Friday 13 April 2007

Designing a design for a design

Designing is one of the more accessible areas of game development. Everyone has their own ideas for would-be features that they’d like to see in a game. Almost everyone has at least one ‘hit idea’ stored away that if implemented would see a mainstream game’s sales increase by the millions. It is also one of the hardest areas of game development to master, since it requires you to not only design a game, but also design documents for a game which five programmers could take and come up with similar results from.

To give you an idea of how difficult this can get, the university at which I’m studying a degree in Computer Games Programming also has a course in Computer Games Design. Together they have drop out rates which are some of the highest in the university, simply due to their inherent difficulty (and of course the pathway leaders’ insane desires that their courses be up to an incredibly hard, and therefore more prestigous, standard).

What does it consist of? Anything you could possibly imagine needs to be written down happens here. Everything has to be planned for at this stage. What kind of information will the player enter? How will that be processed by the database? What structure will the database have? To what extent must the database be normalised? What is the most efficient method of doing x, y or z? What development environments will be used? What end-user environments will be used? These are a smattering of the questions that must be answered.

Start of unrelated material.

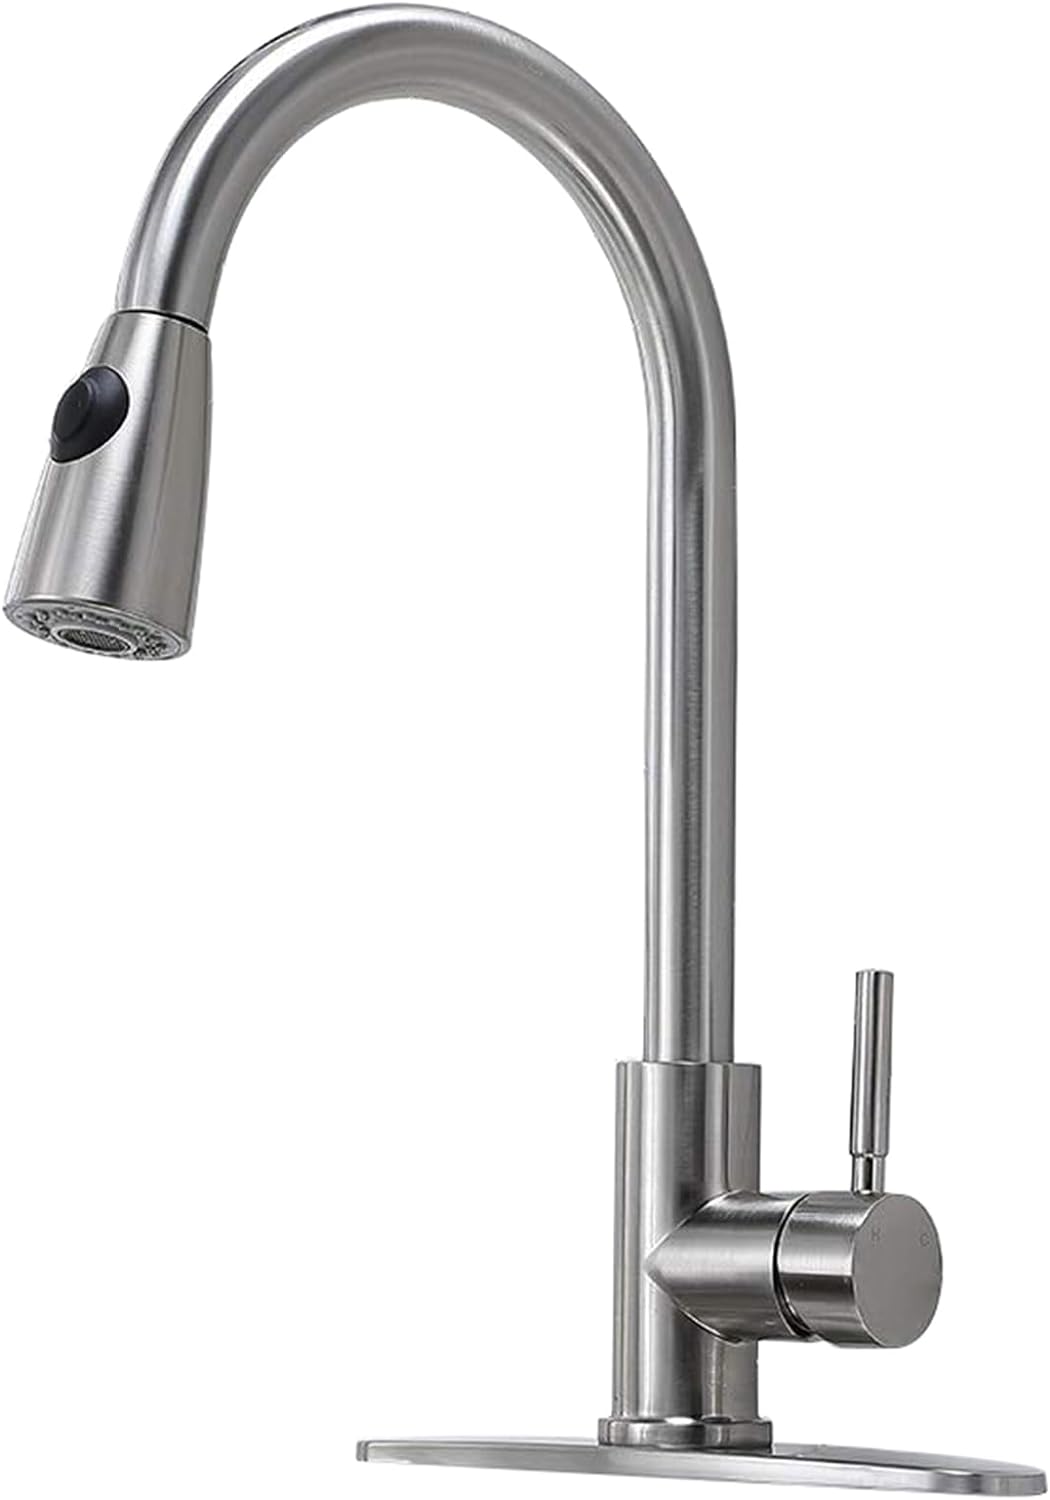 Kitchen Faucet with Pull Down Sprayers, Brushed Nickel Kitchen Faucets, Modern Pull Out Stainless Steel Kitchen Sink Faucet Single Handle Faucet Swivel Spout with Deck Plate

Normally with a QRGame, I take a very flexible approach. I write a basic design structure which will get the game into the beta stage, then I start to flesh it out with features. However, this has proven unsuitable due to the success of IPTwo. Using this strategy only serves to make the games appear inferior to IPTwo, reducing attention to the game and therefore seeing it sidelined before my original visions can come to fruition. Therefore in Grand Prix Tycoon I decided a strong design is crucial.